Marjorie Thorpe, senior Djap Wurrung woman and elder for the Gunnai nation, spoke about growing up in Yallourn, the impact of mining and logging on waterways in Gippsland, the problem with the Voice and the need for Treaty.
"We've been out to those logging coupes and it's unimaginable for those people who haven't seen the razing of an environment. Scorched earth. We've seen forests we were told would be regenerated, there's nothing there... It's all about making money out of a resource (in a way) that is not sustainable. And if this continues what we are going to be left with is poisoned water and no trees... These are the things we need to talk about when we're talking about the work that needs to be done. We're talking about employment, this is ongoing employment, that (sustains the environment) instead of destroying it. And I think these are the things we need to protest for. We don't just need to protest, we need to fight for this, because this is fighting for our very future... That's what we have to do. And if they want to lock us up, well lock us up."

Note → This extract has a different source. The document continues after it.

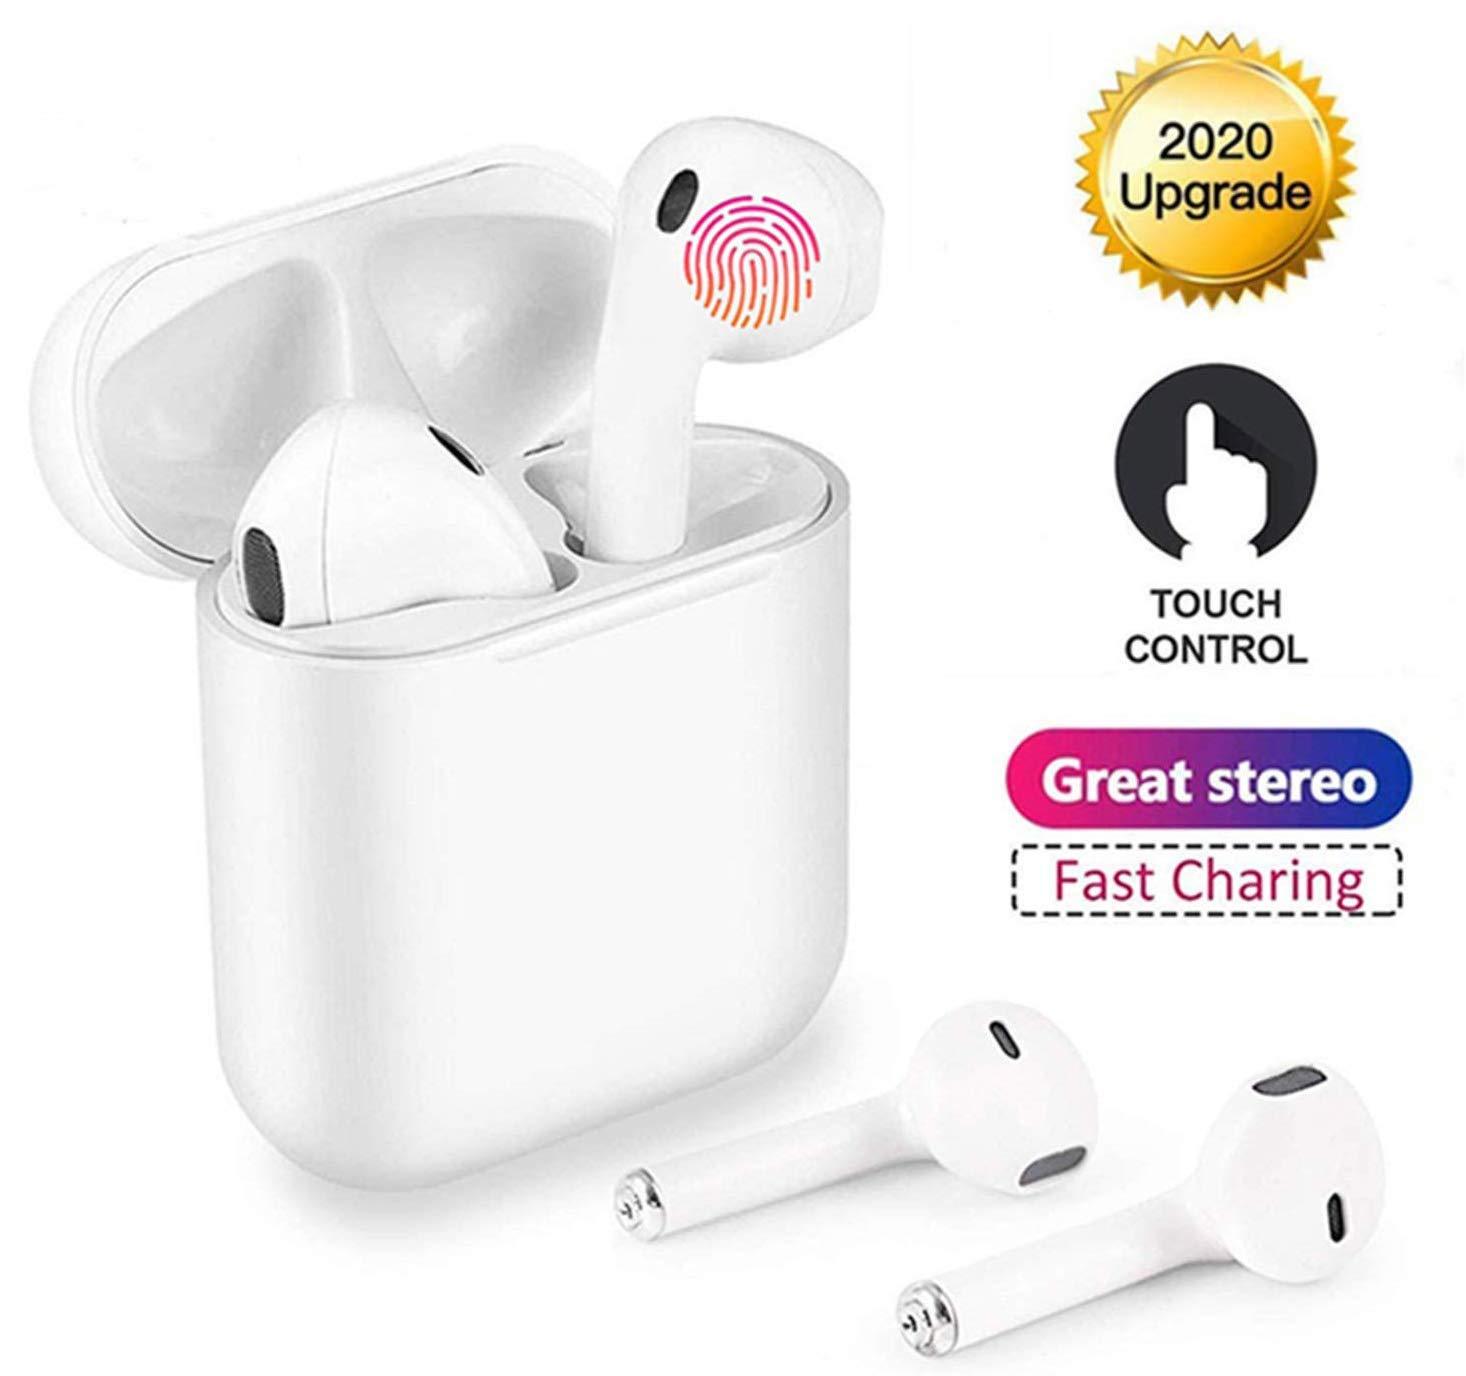 Auriculares Bluetooth inal/ámbricos BT5.0 Touch Control Design Super Mini Auriculares con micr/ófono est/éreo Audio Soporte Siri para iOS Android (Blanco-79)

Profiling all these struggles together on a platform was a way to initiate a dialogue between them about what commonalities there are and how we can better support each other's movements. This is how we build solidarity.
The second half of the event was designed to enable participation from the floor on how people want to continue to organise for climate and the environment. While the meeting identified practical ways to move forward via motions, it also demonstrated a participatory and bottom-up approach to decision making and movement building. Several motions were passed by those in attendance in person and online.
Motion 1:
The participants in this meeting will not be intimidated by the protest laws and commit to nonviolent direct action when necessary to protect the climate, the environment and the community. (Passed 100%)
Motion 2:
This meeting commits to participating in a state-wide mass action for the forests in the form of citizen science or other non-violent direct action to protect native forests, including from disaster logging. (Passed 98%)
Motion 3:
Establish a legal fighting fund to support those persecuted under these anti-protest laws, including a high court challenge to the laws constitutionality. (Passed 100%)
Motion 4:
This meeting calls on unions to actively and publicly denounce anti-protest laws - and encourage union members present to raise this within their unions. (Passed 100%)
Motion 5:
This meeting commits to investing in training and leadership for movement activists and organisers in Victoria so we can build our collective power, strategic capacity and solidarity (Passed 100%)
To read more about the motions and process, read the blog post.
Goongerah Environment Centre is calling out for volunteers to put these motions from the mass meeting into action. We need your help to help organise a state-wide action for forests, broaden links with the union movement around the anti-protest laws, develop a defence fund and help launch a high court challenge of Victoria's anti-protest laws, and help develop training and up-skilling for the movement to achieve these outcomes.
To find out more and get involved, visit: geco.org.au/mass_action_organising
With these anti-protest laws looming ahead of us, we know we can’t continue this work alone. When they try and isolate us, our strength is in broadening our struggle. Ending logging is a fight for climate, it’s a fight for Country, and it's a fight for good green jobs for regional communities. We must defend the environment and the right to protest for it.
Tuffy is a campaigner with Goongerah Environment Centre (GECO) and the organiser of the Mass Meeting.